## What you will do
Copy out precisely the lines of the material that follows, beginning with the line containing "Margaret Malzi Kurtz (1833-1915)" and ending with its last line; exclude pictures.

## Given material
=-=-=-=-=

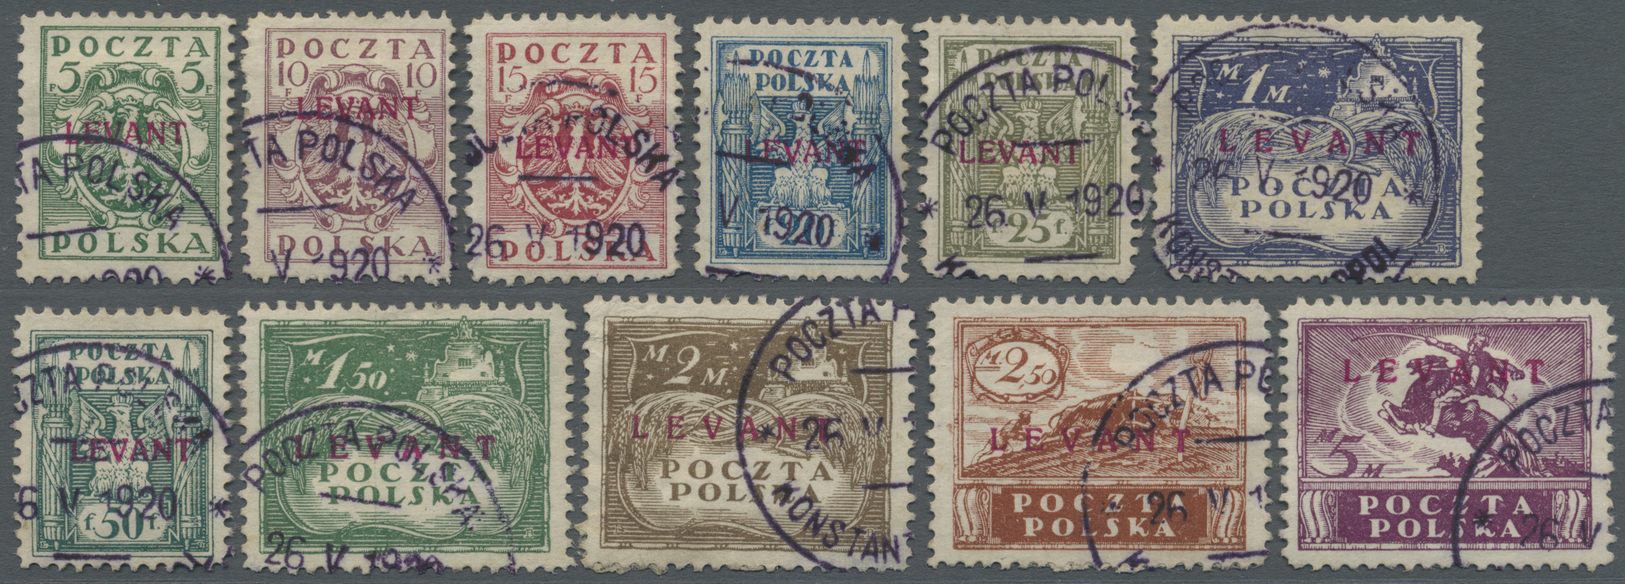 O Polen - Post In Der Levante: 1919, 5 F. - 5 M. Konsulatspost In Der Türkei, Marken Polens Mit Kirschrotem Aufd - Levant (Turquie)
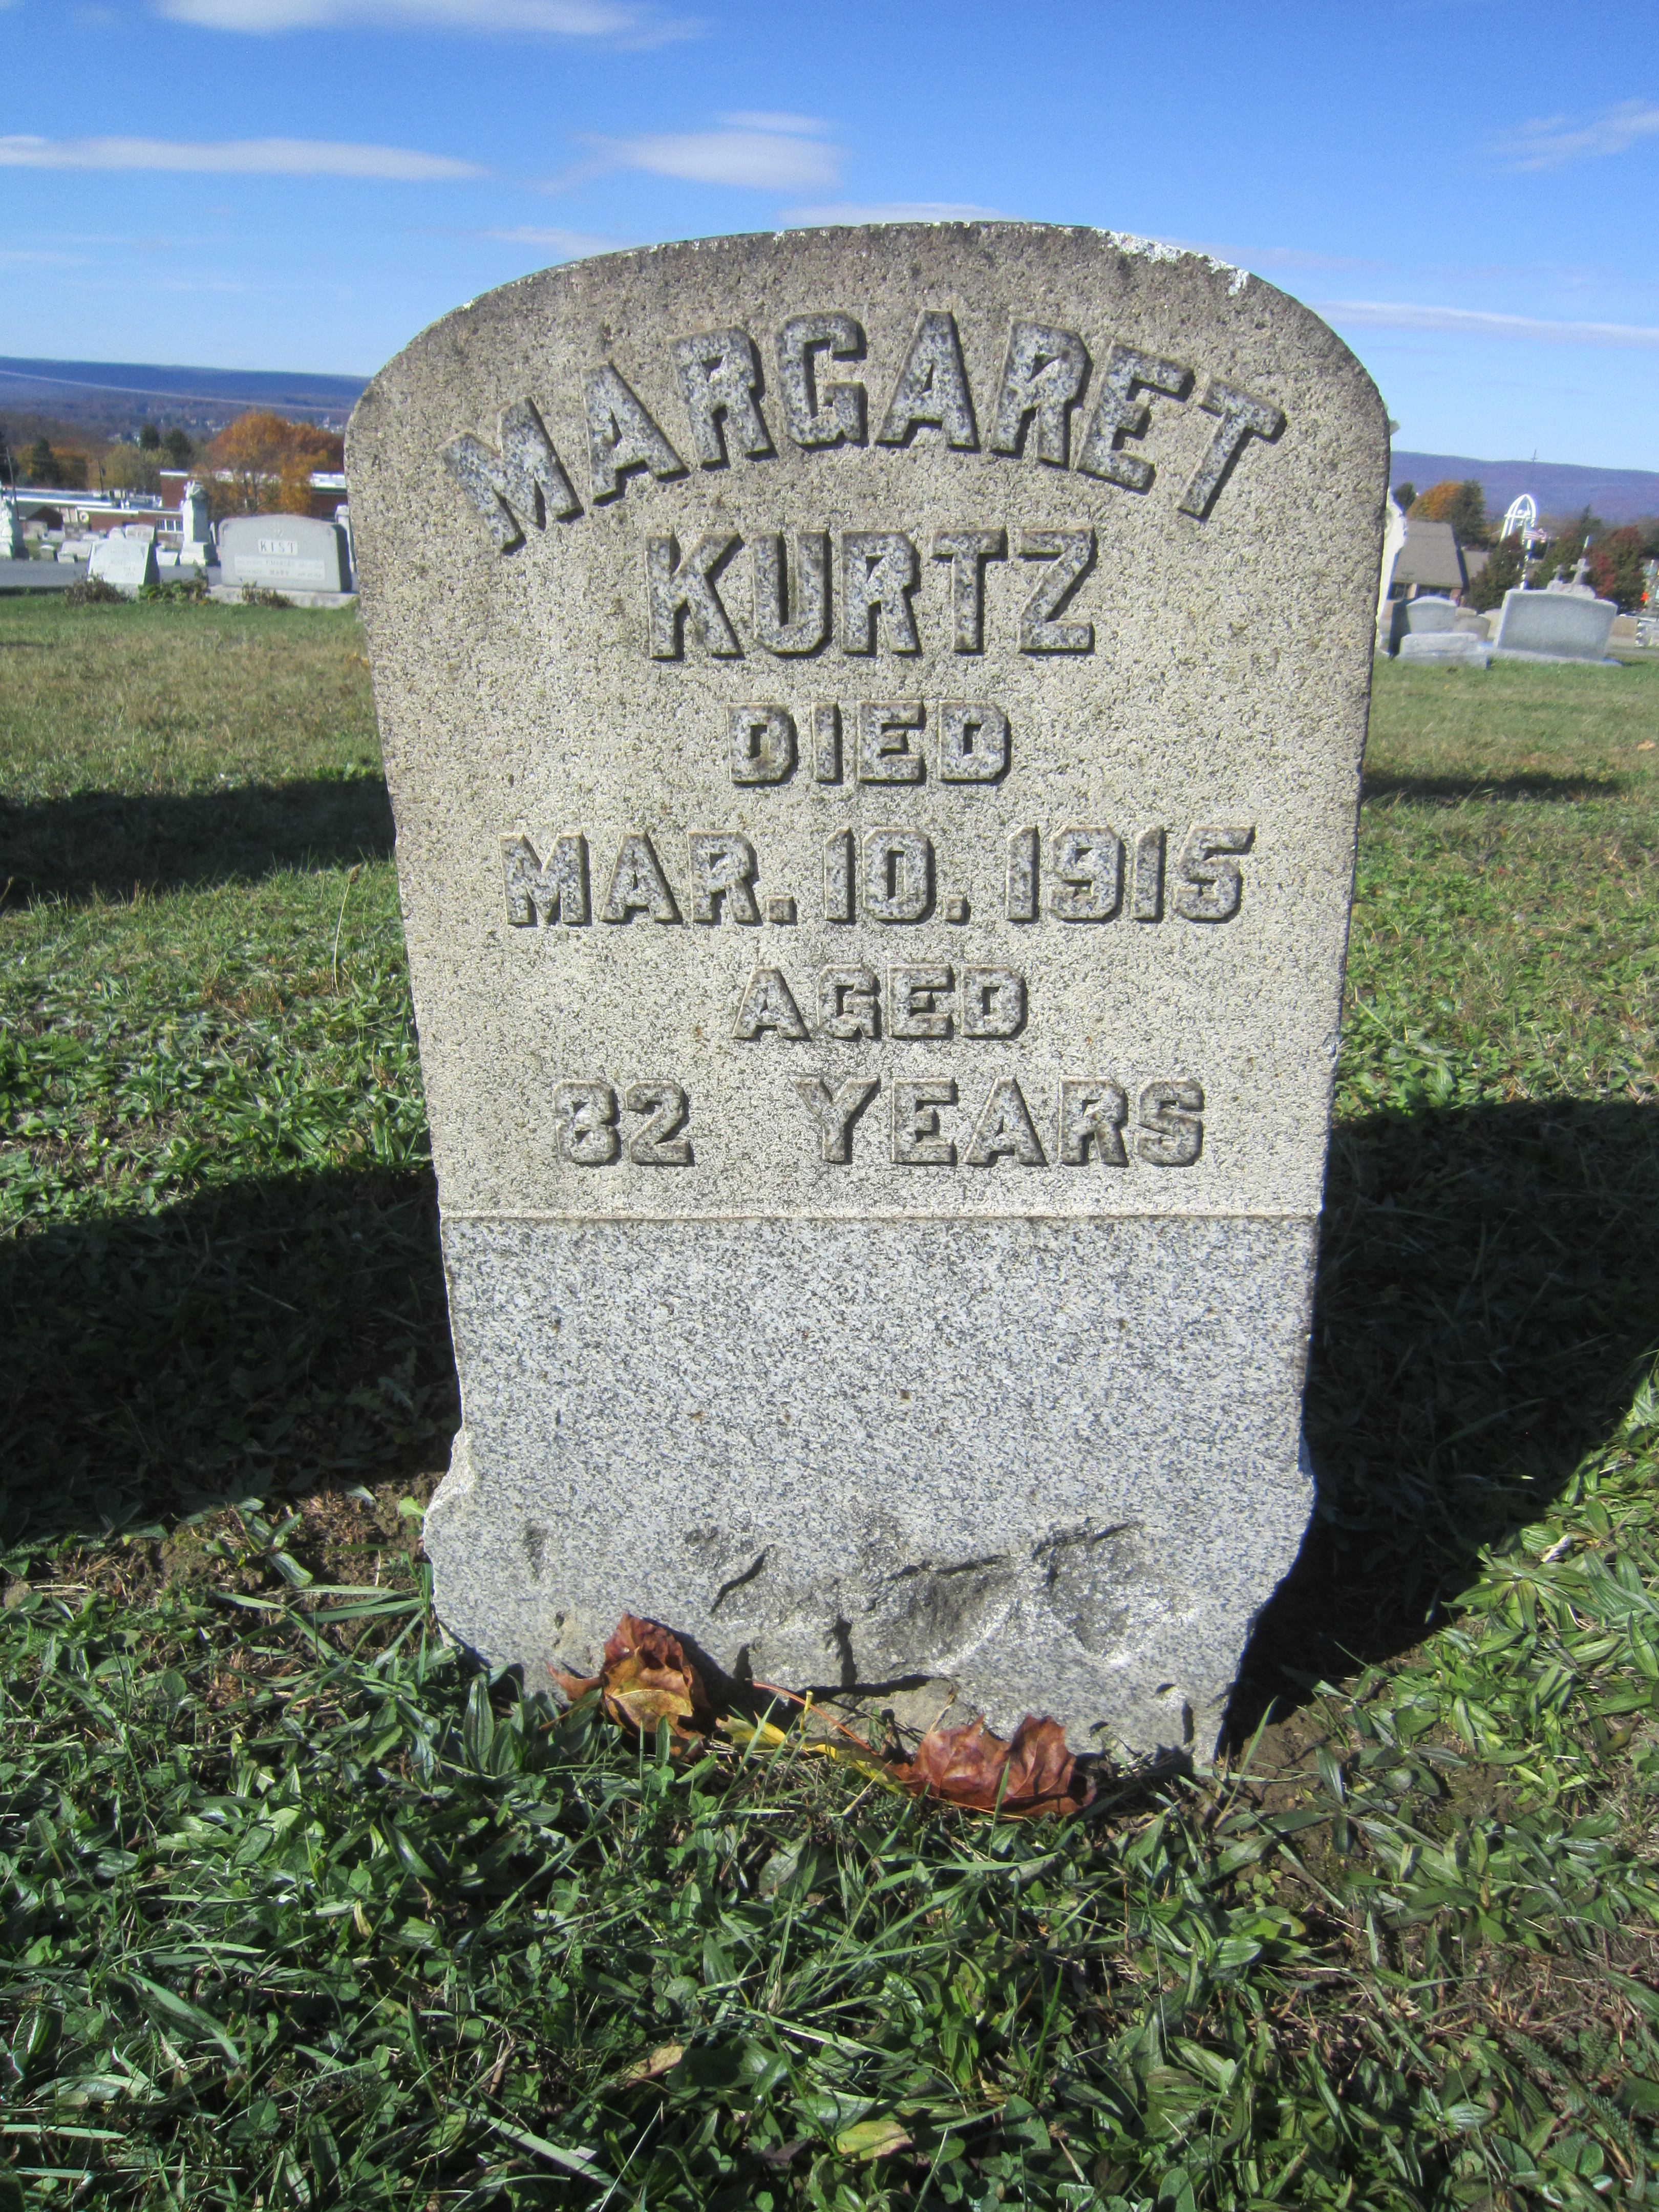 Margaret Malzi Kurtz (1833-1915)
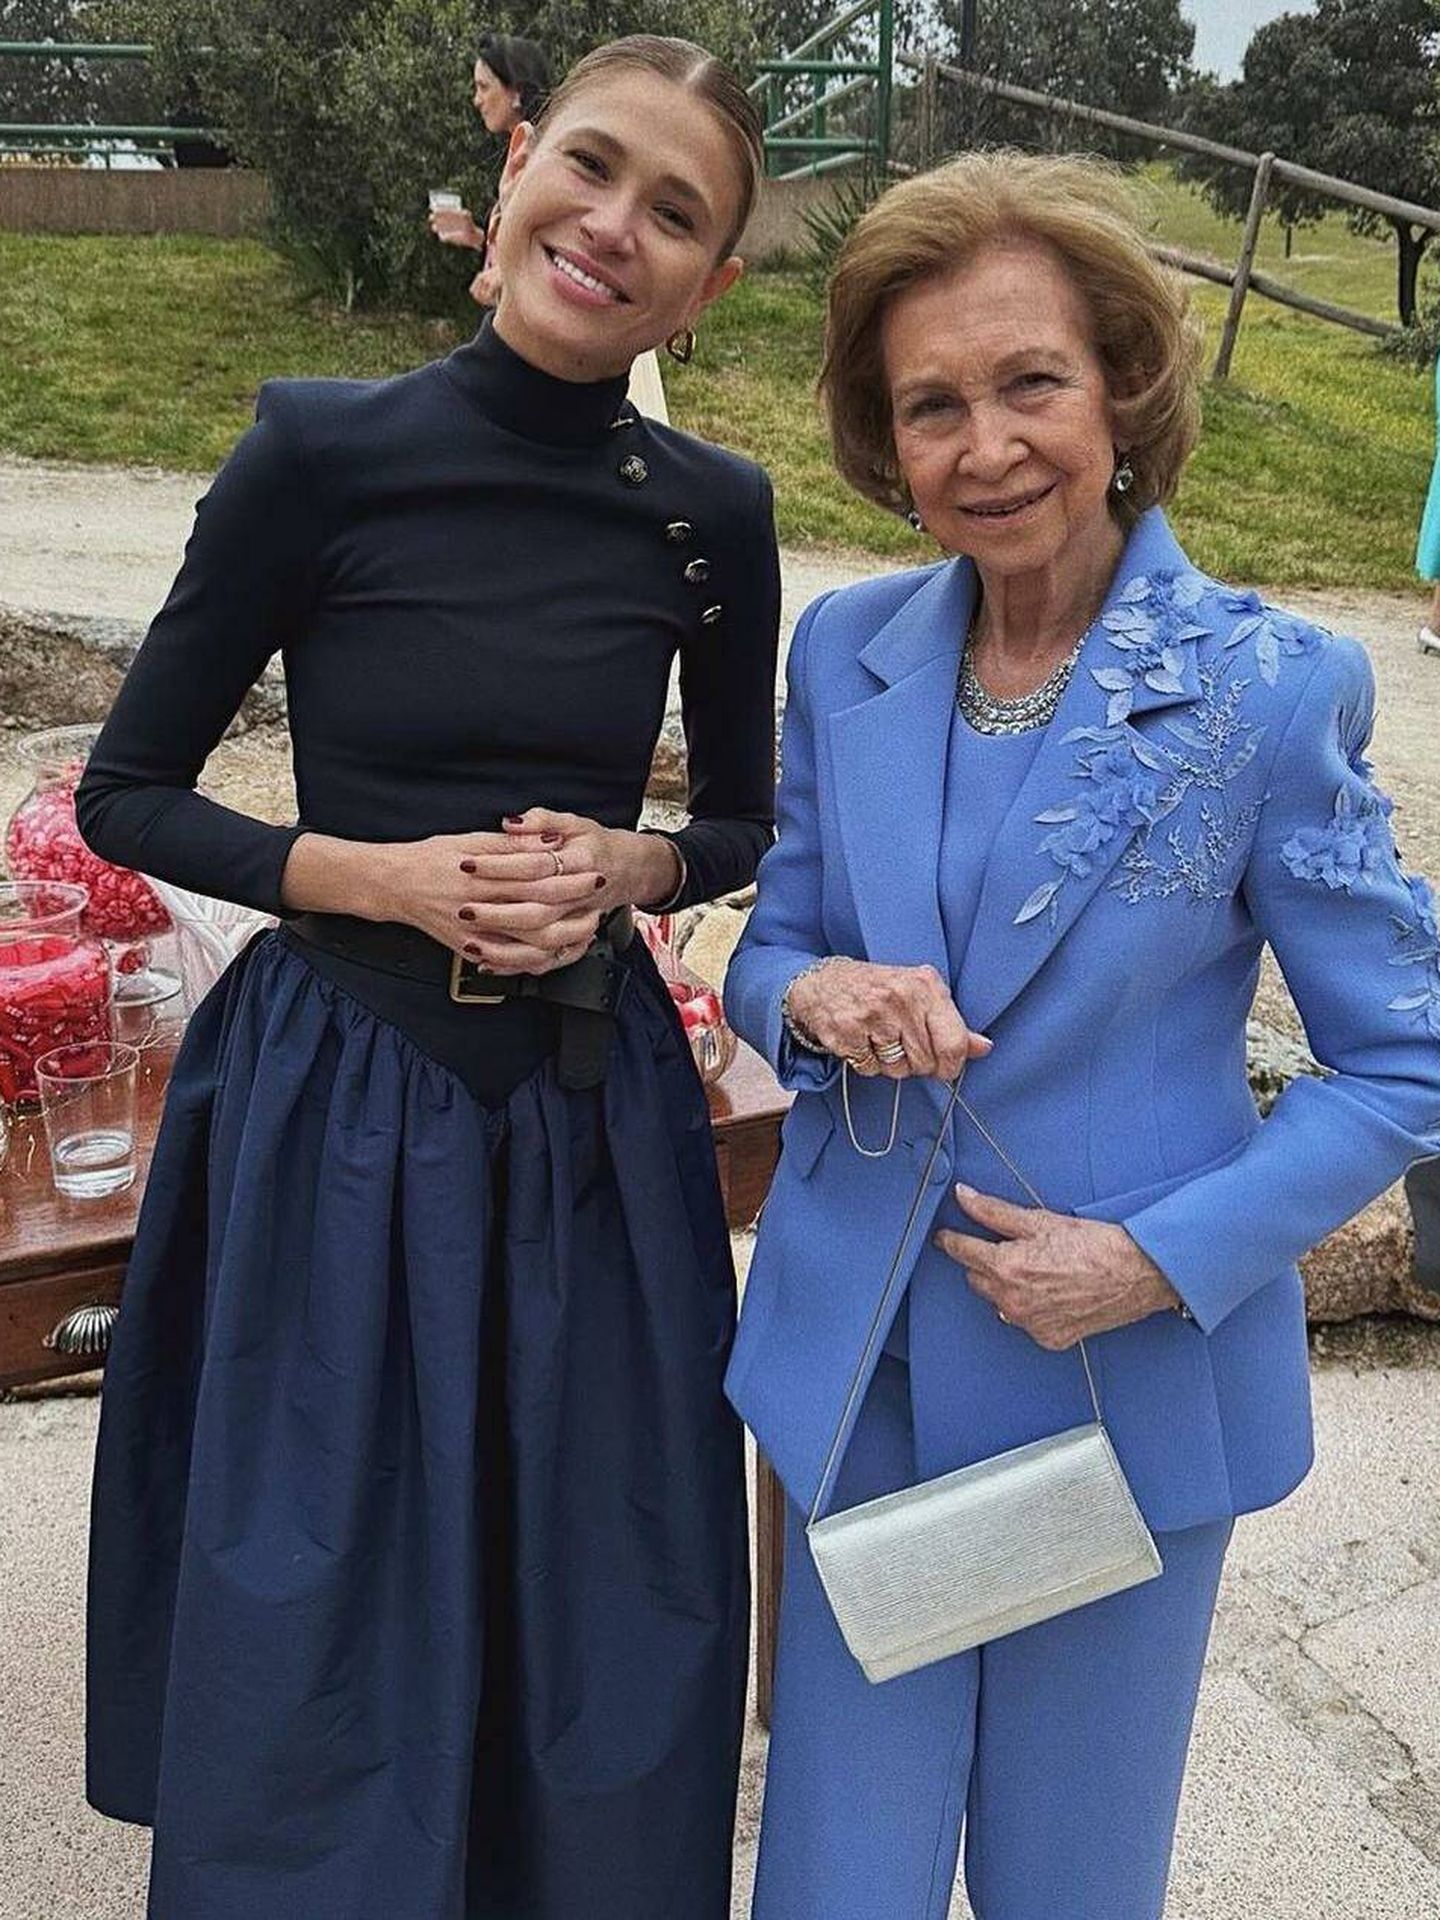  Carla Pereyra y la reina Sofía, en la boda de Almeida y Teresa Urquijo. (Instagram/@carlapereyra)

=-=-=-=-=

## Problem solution
 Margaret Malzi Kurtz (1833-1915)
  Carla Pereyra y la reina Sofía, en la boda de Almeida y Teresa Urquijo. (Instagram/@carlapereyra)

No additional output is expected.